→ Exercise requirements: Look below for the line that has "Aquaclear 4in1 Filter & Tap"; output exactly from it through the line that has "Black Girl Magic Wristbands!", and leave the pictures out.

→ Exercise data:
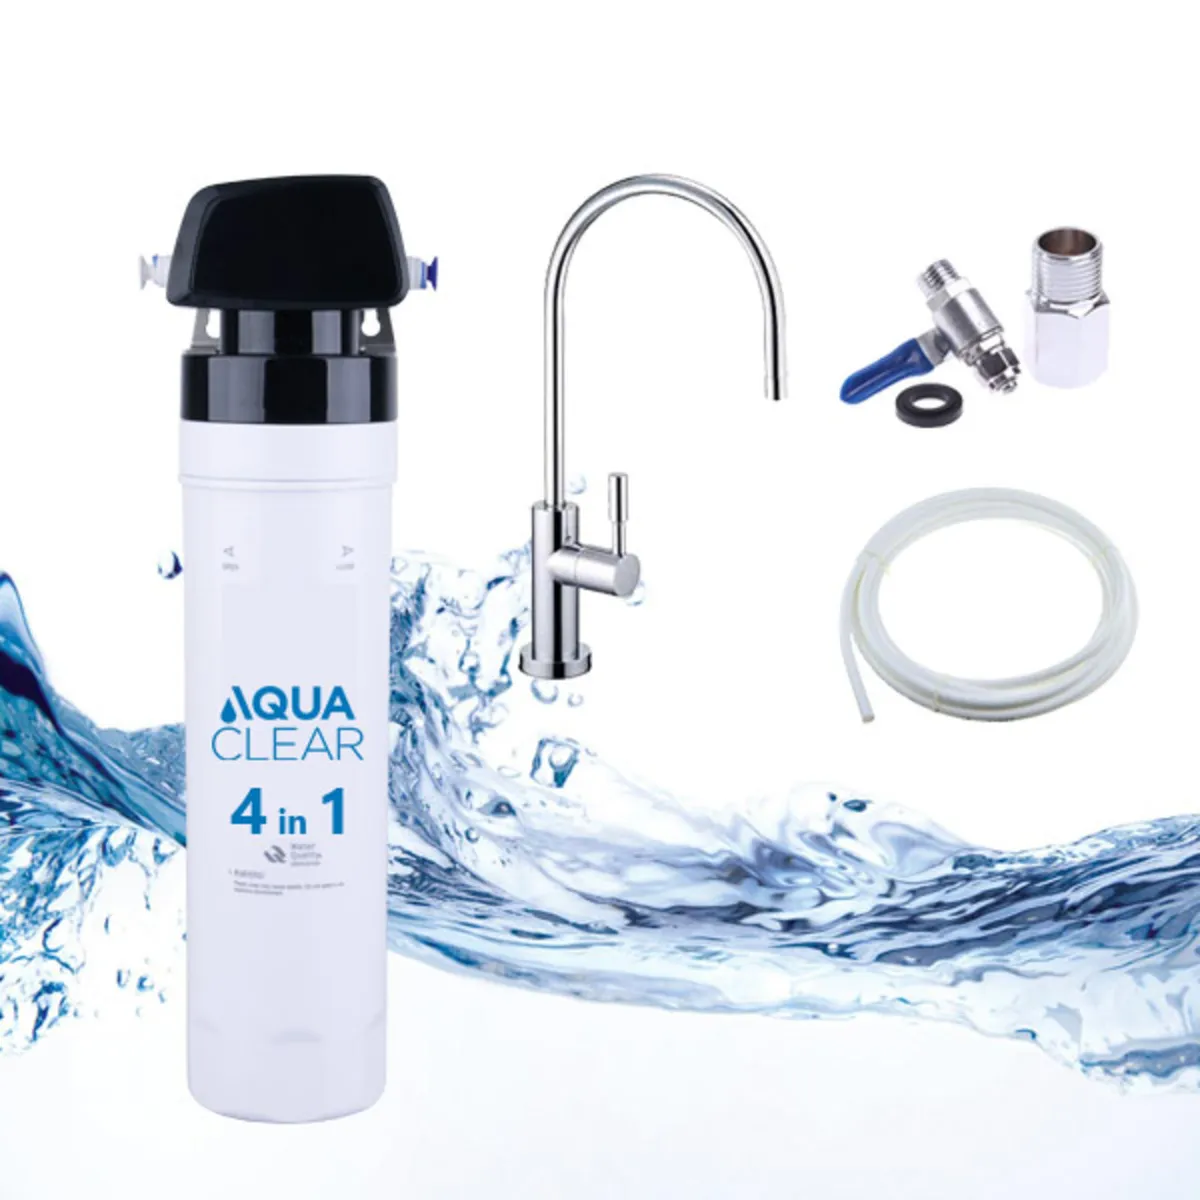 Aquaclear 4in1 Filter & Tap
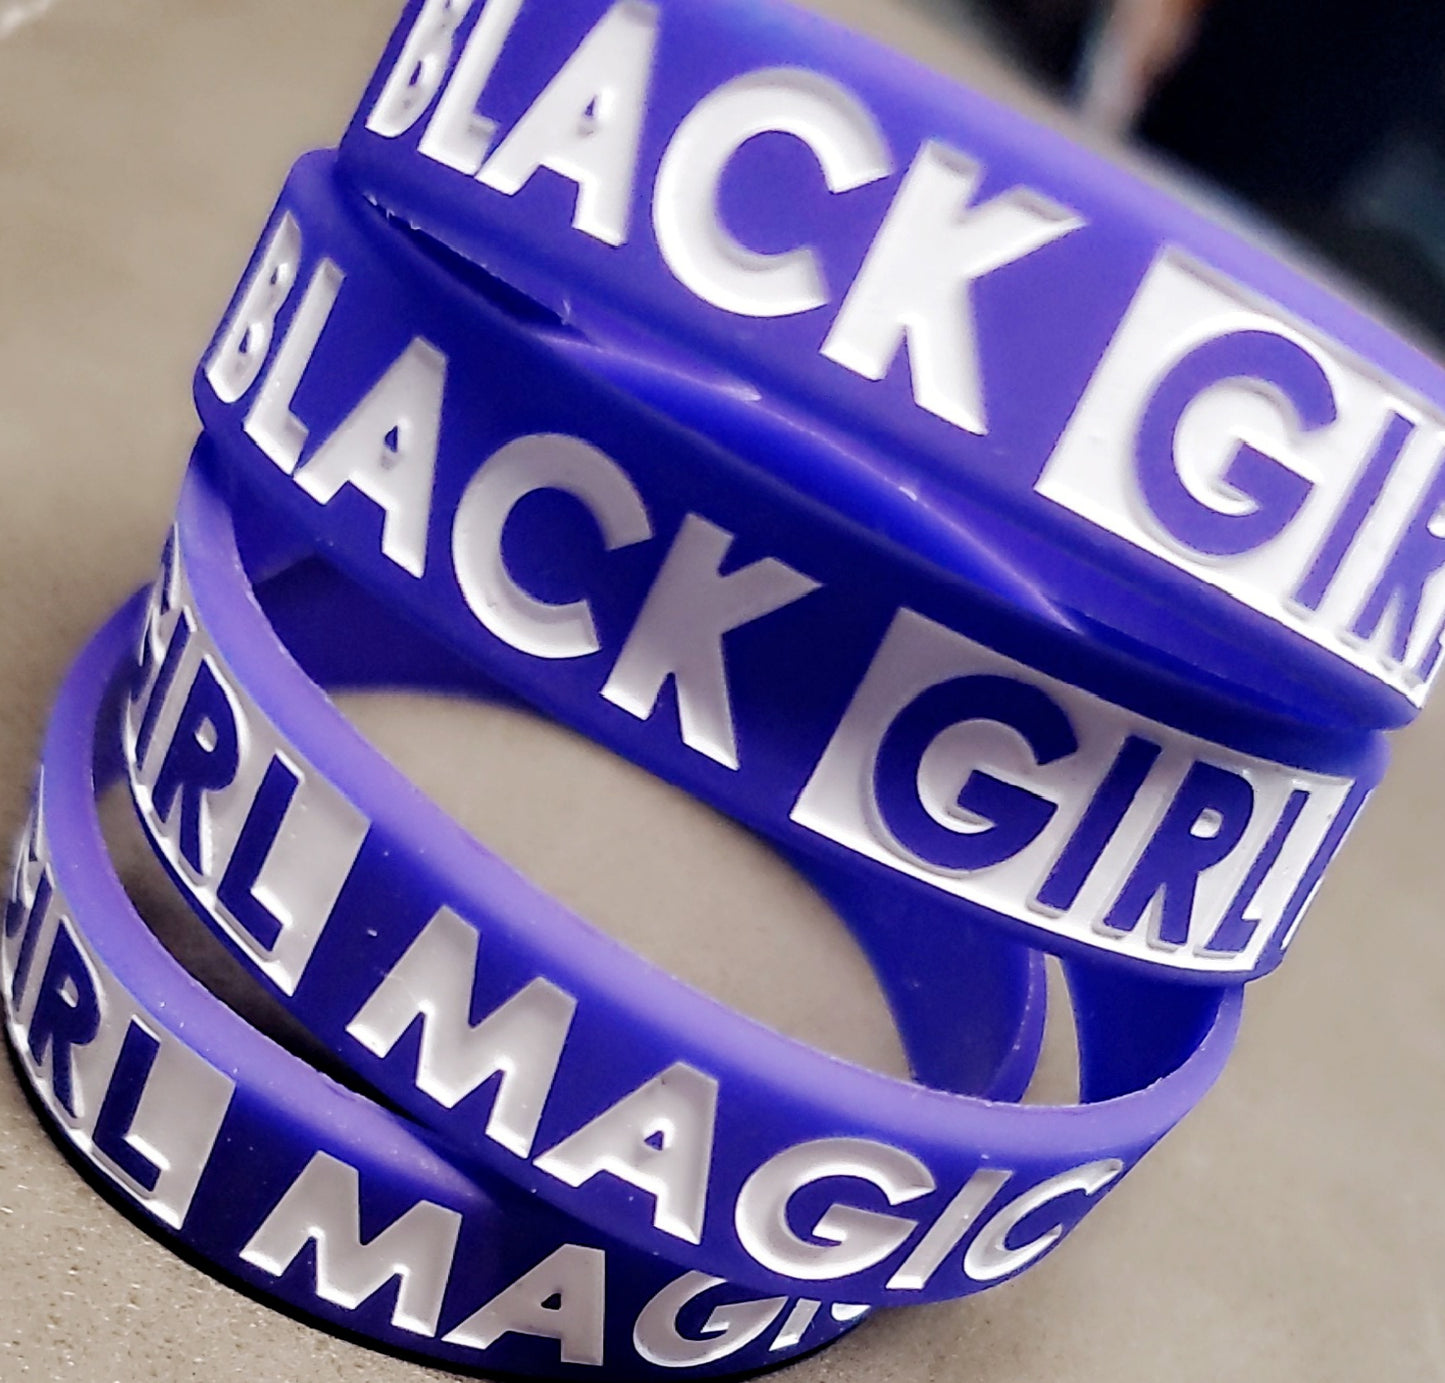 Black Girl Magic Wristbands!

==

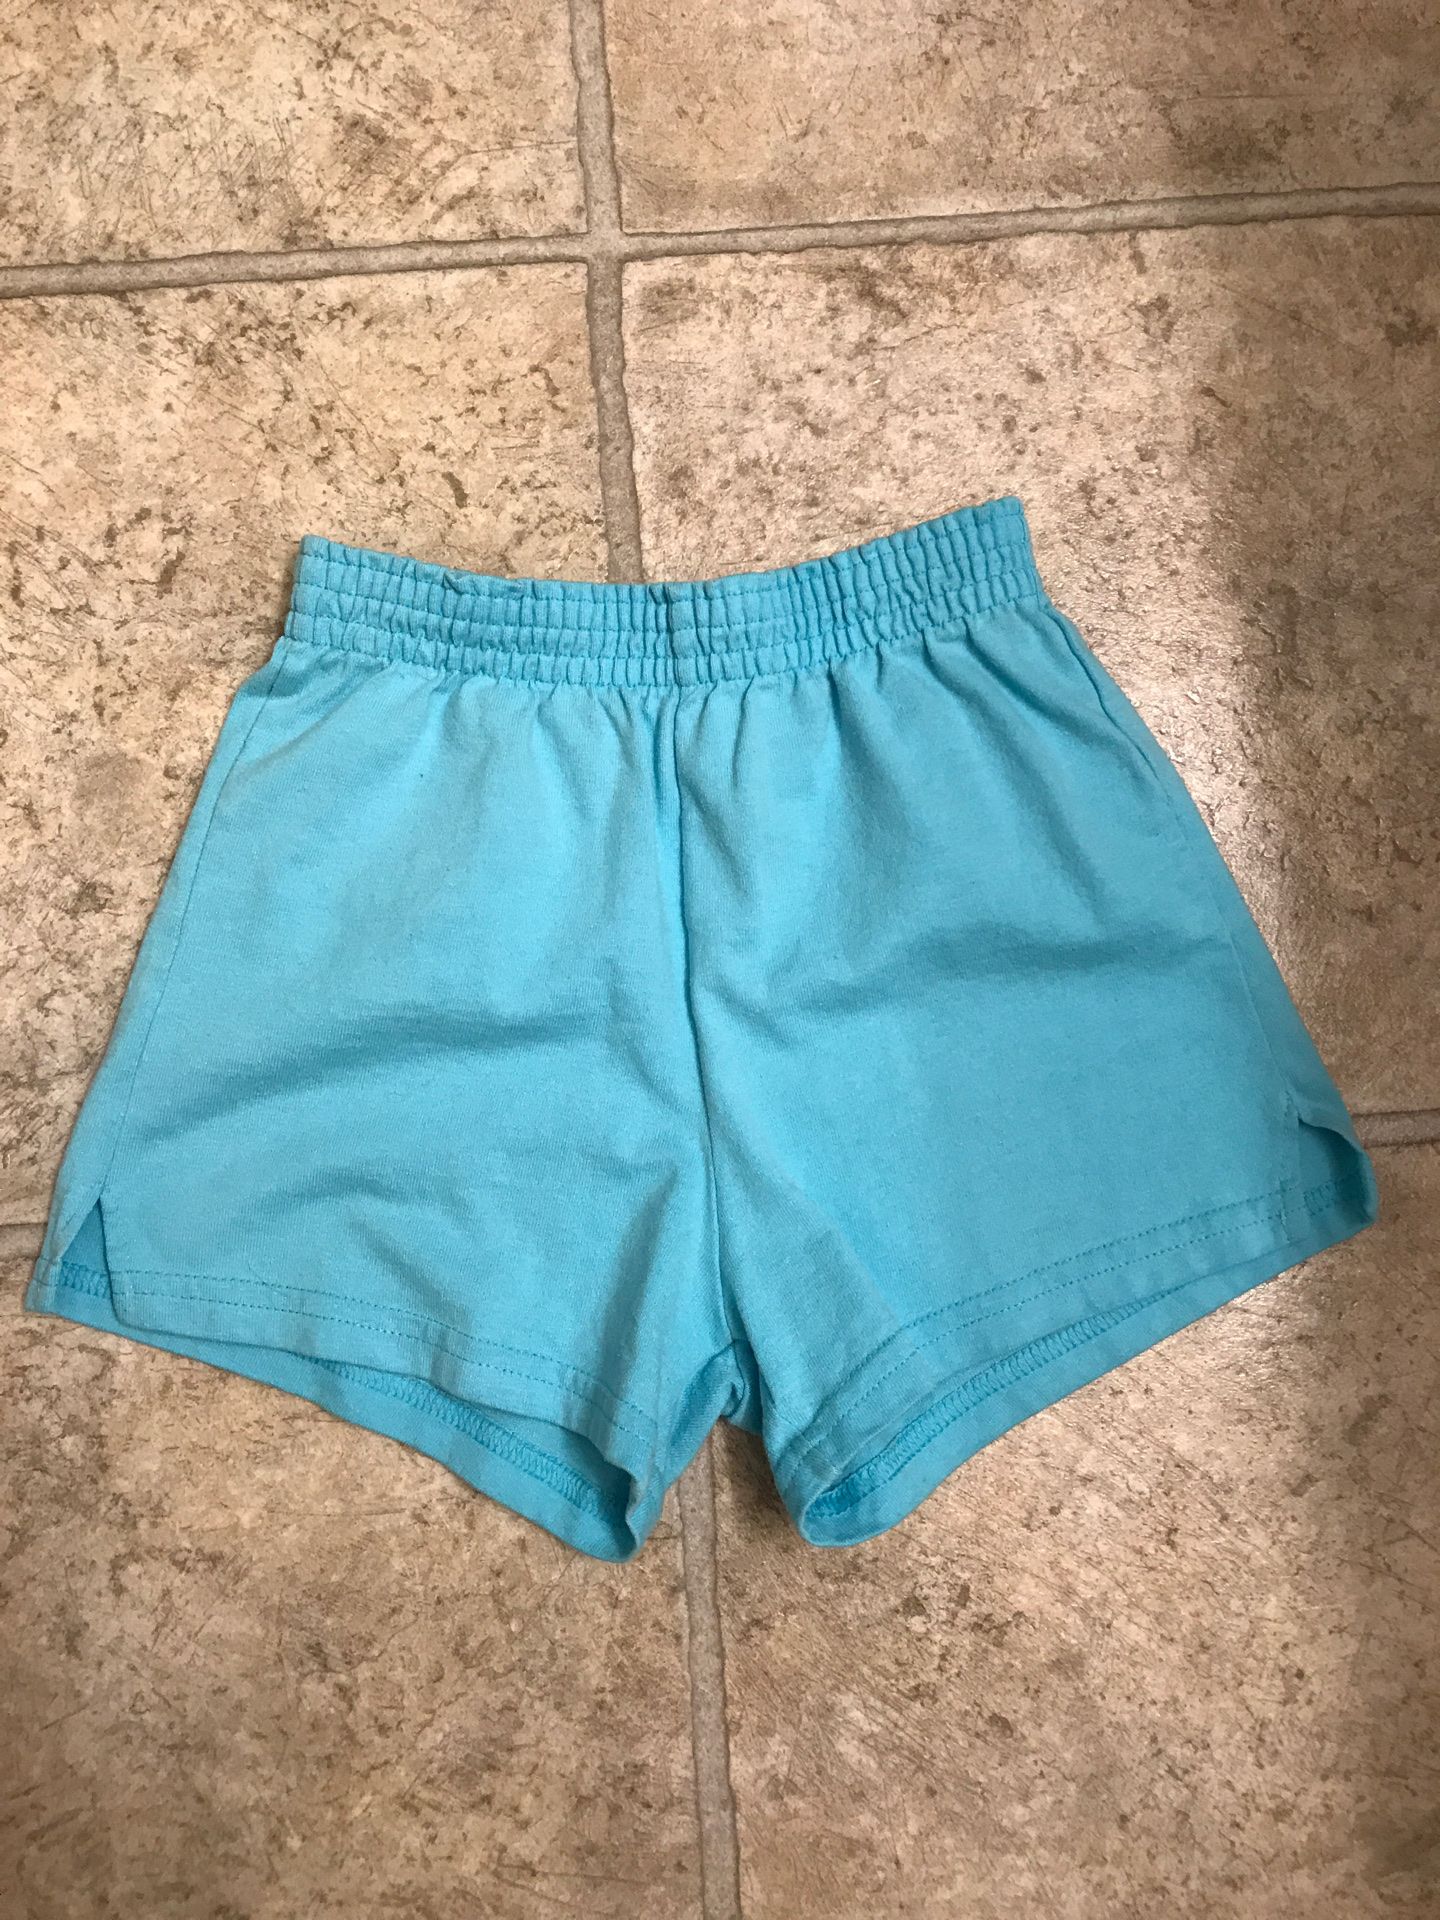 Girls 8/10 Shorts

→ Your solution:
 Aquaclear 4in1 Filter & Tap
 Black Girl Magic Wristbands!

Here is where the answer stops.